◆ About this task
From the entries that follow, extract each line holding the string "South".

◆ Data for the task
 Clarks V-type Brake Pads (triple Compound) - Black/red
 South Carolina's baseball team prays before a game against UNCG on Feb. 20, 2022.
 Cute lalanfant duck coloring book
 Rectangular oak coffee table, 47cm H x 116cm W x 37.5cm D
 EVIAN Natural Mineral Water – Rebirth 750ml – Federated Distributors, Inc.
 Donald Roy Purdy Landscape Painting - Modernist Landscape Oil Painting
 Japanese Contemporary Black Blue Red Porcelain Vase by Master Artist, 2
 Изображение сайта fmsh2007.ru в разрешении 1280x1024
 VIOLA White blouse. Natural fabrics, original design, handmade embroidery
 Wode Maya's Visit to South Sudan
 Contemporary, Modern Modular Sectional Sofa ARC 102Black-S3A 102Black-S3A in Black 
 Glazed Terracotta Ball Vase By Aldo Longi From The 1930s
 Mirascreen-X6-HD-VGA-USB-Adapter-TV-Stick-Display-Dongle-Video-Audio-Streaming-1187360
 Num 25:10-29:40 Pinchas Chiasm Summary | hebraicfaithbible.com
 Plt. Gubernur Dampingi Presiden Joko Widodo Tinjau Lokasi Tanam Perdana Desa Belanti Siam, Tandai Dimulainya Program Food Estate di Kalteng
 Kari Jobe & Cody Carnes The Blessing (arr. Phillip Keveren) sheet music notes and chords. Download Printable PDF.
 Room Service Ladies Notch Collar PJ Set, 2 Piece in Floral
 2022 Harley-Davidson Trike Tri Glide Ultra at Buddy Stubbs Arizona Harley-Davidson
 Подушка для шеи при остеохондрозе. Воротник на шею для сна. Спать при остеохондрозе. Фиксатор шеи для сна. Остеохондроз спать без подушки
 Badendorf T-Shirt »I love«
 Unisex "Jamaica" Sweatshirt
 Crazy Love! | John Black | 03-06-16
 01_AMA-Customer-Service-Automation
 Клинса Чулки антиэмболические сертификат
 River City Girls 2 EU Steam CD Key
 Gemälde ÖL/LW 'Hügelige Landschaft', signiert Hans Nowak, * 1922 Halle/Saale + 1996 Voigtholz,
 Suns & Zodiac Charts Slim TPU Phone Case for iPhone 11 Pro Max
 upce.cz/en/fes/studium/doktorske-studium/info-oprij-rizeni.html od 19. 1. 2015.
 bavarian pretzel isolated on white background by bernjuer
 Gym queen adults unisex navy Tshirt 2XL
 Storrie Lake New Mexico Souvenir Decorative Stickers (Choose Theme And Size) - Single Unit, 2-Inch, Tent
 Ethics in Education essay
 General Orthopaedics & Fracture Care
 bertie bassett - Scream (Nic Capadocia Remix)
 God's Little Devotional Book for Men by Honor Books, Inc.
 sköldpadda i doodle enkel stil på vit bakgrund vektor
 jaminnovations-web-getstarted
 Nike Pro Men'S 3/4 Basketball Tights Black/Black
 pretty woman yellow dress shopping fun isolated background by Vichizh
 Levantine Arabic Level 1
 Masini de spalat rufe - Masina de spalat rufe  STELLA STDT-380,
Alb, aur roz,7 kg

◆ Task response
 South Carolina's baseball team prays before a game against UNCG on Feb. 20, 2022.
 Wode Maya's Visit to South Sudan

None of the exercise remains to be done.